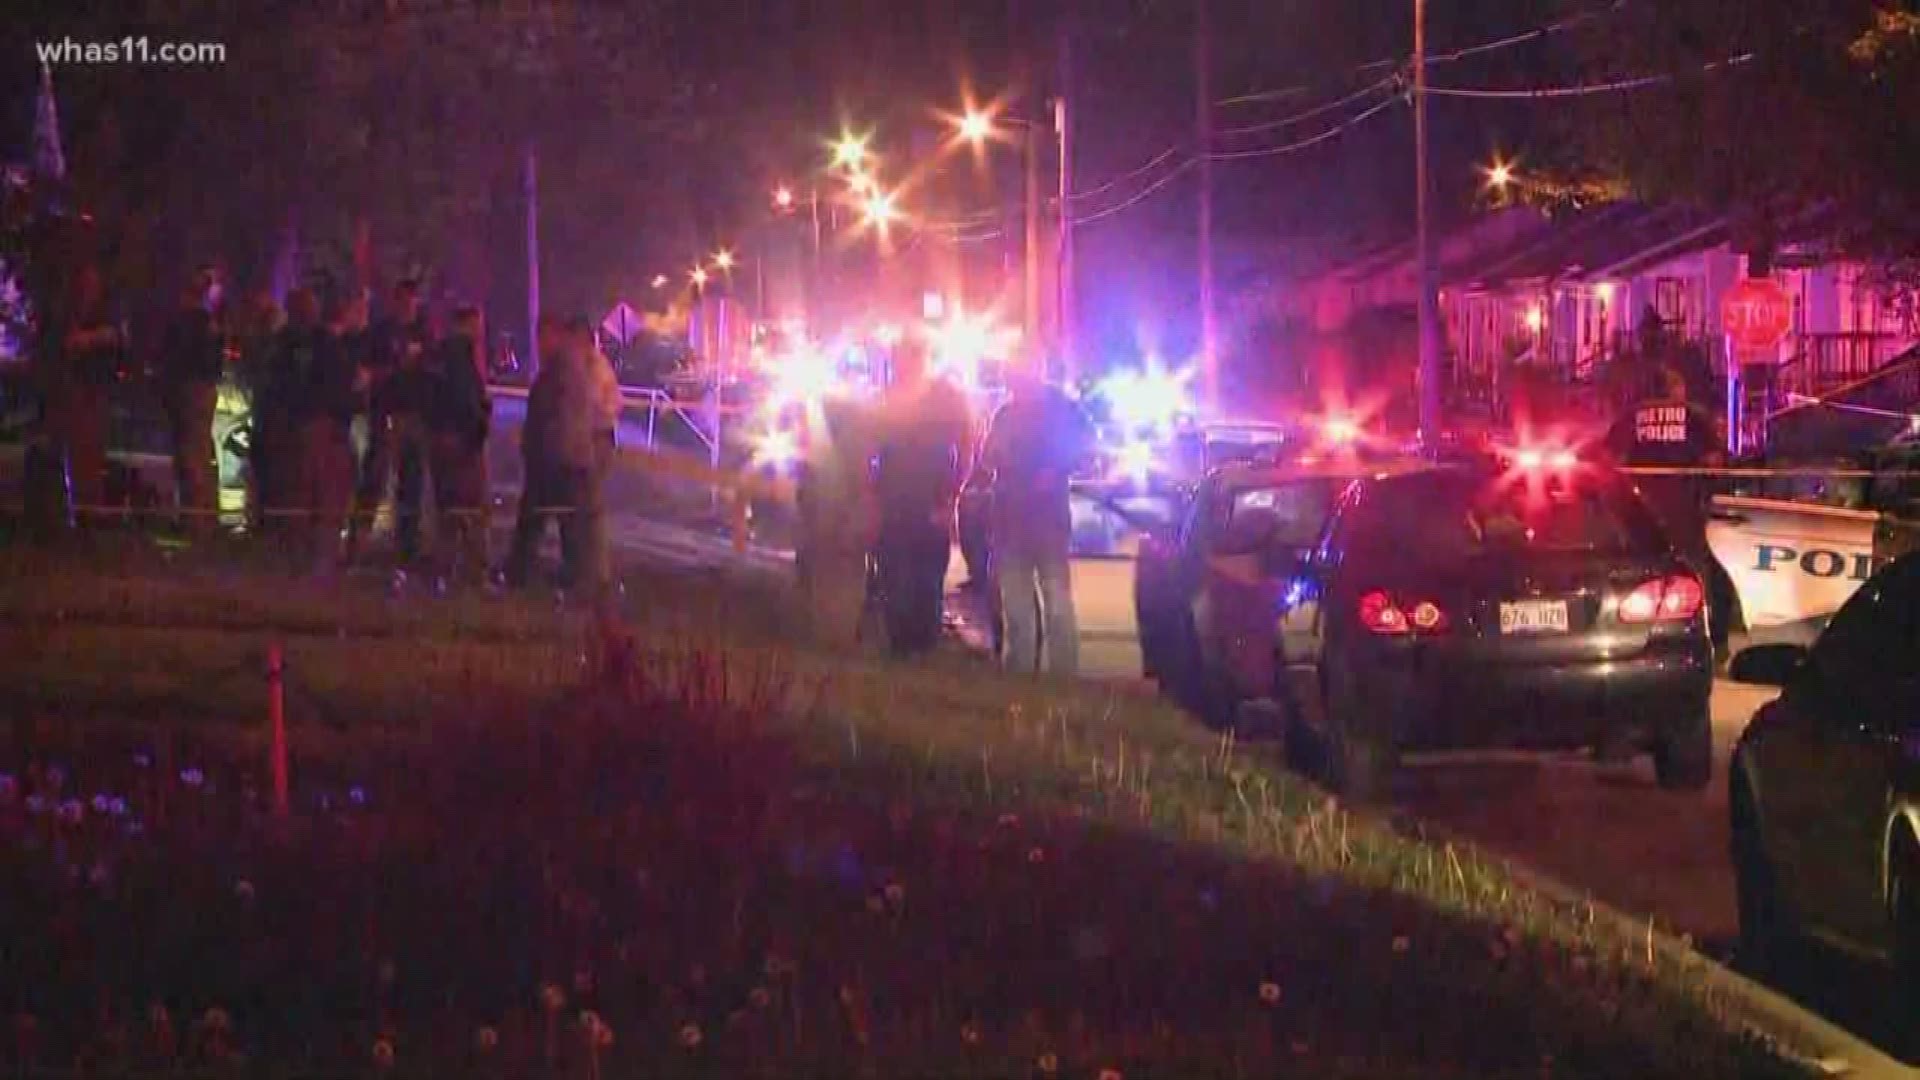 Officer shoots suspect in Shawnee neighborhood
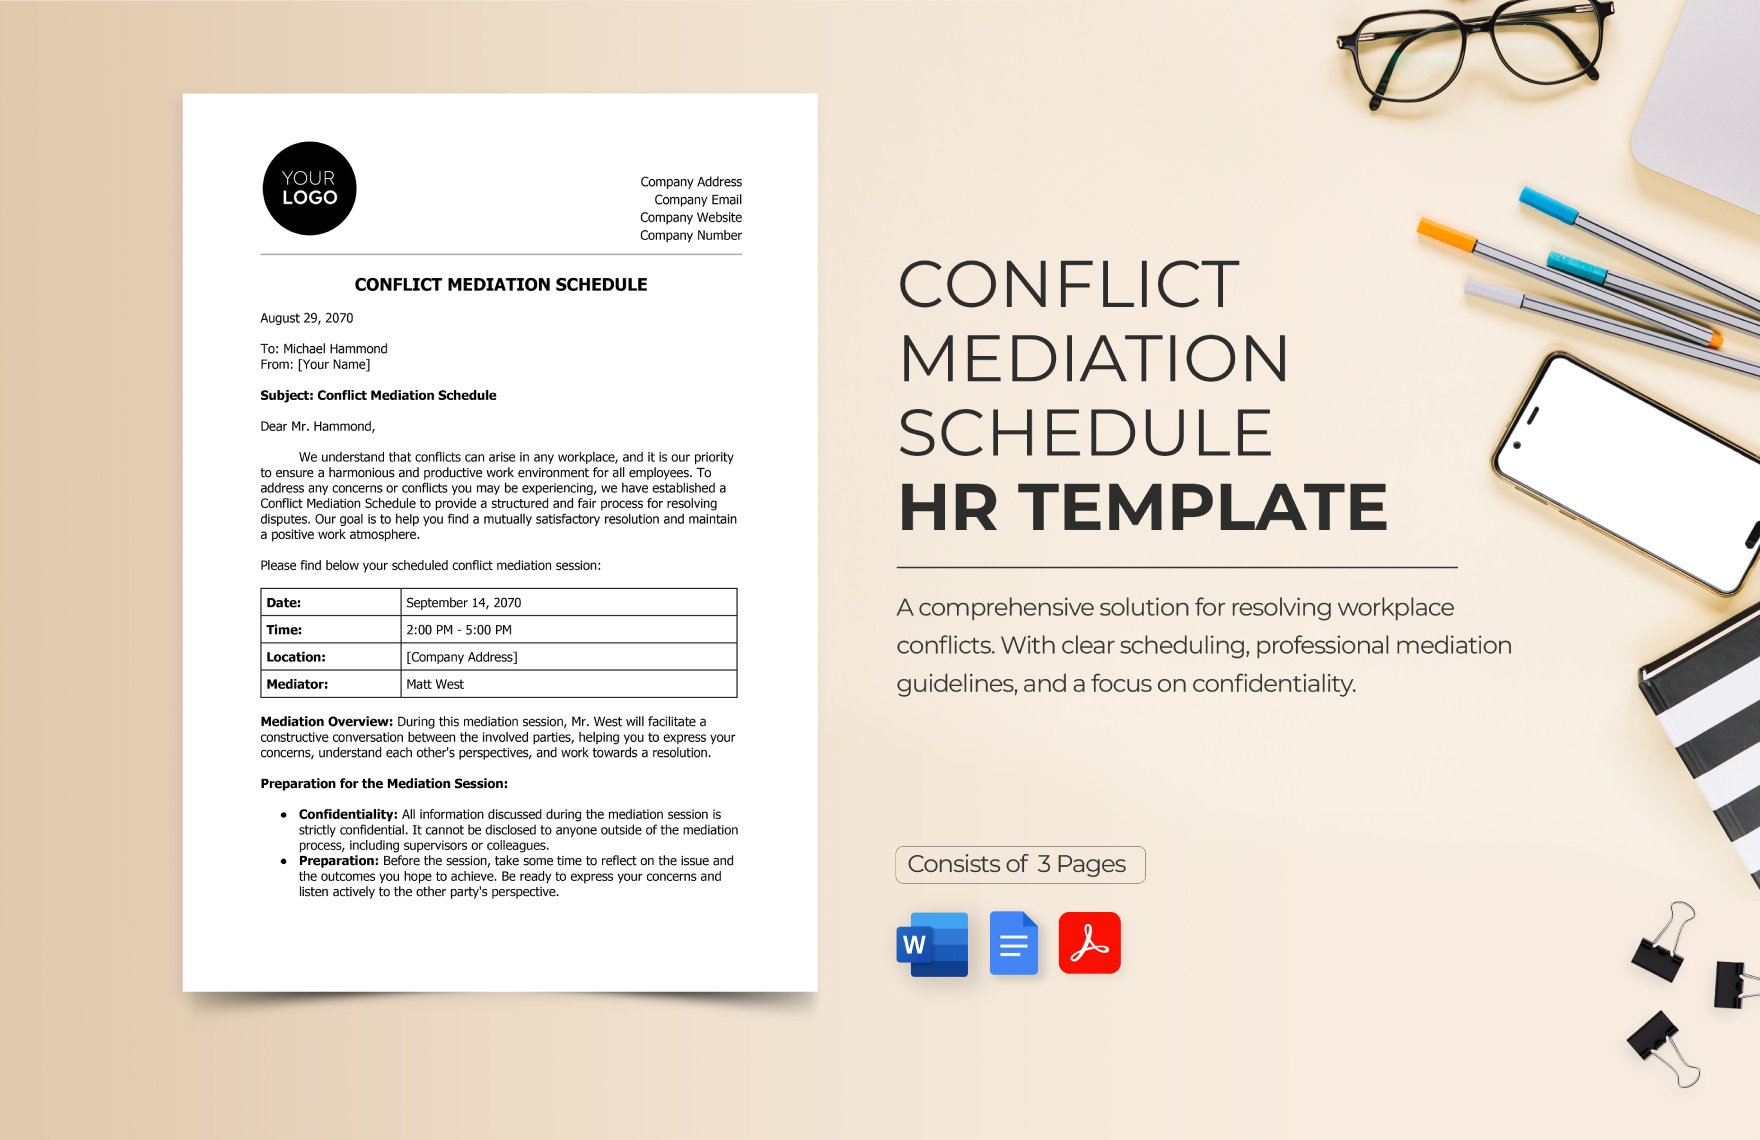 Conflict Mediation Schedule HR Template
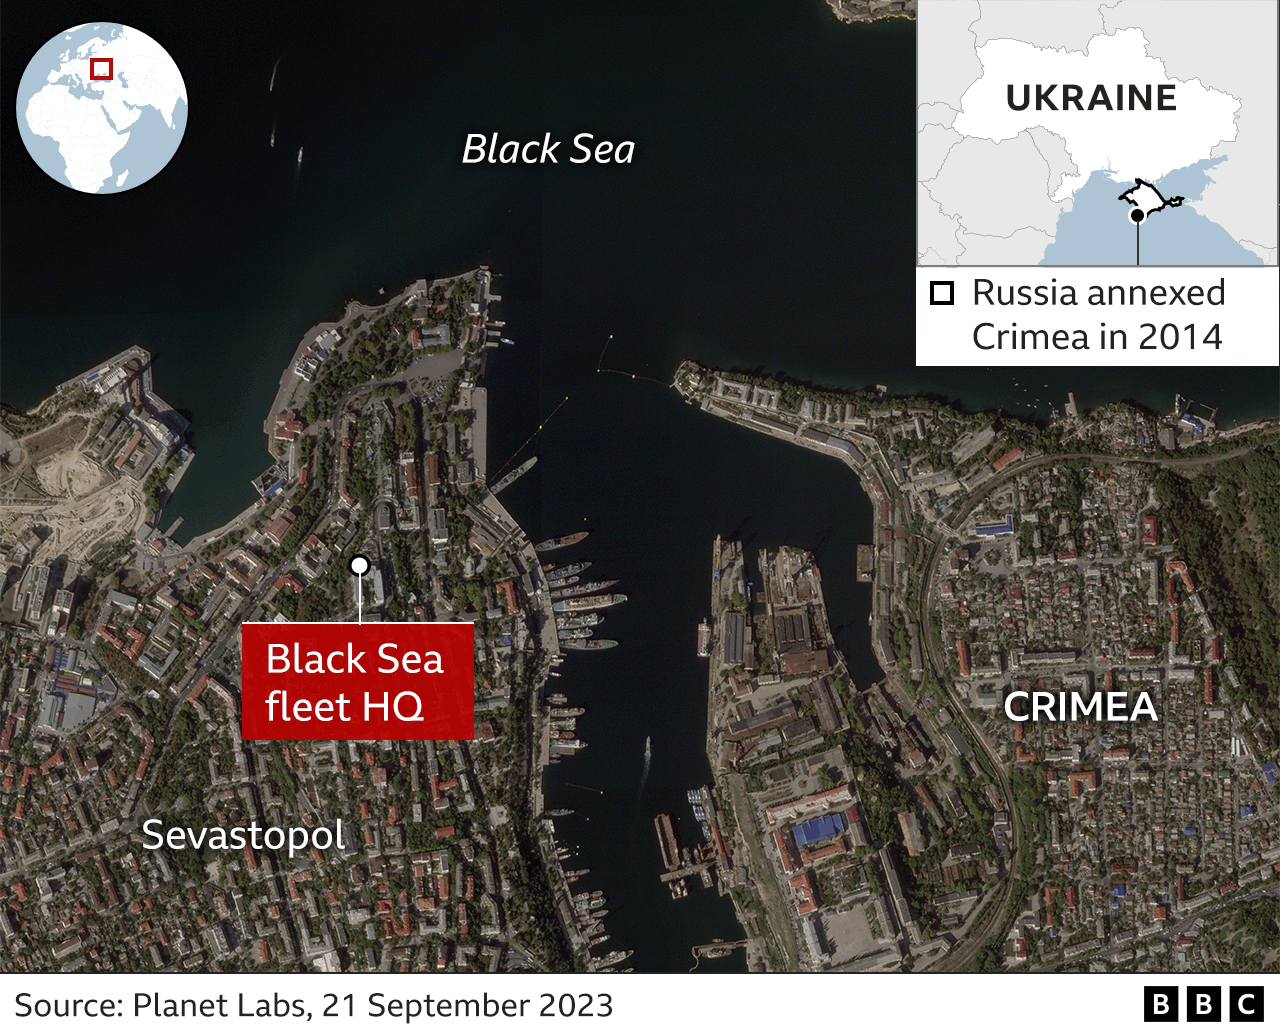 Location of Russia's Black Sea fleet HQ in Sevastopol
*****
-- Problem details --
Please give the data again unaltered, leaving out any images.

-- Answer box --
 Officer shoots suspect in Shawnee neighborhood
 Conflict Mediation Schedule HR Template
 Location of Russia's Black Sea fleet HQ in Sevastopol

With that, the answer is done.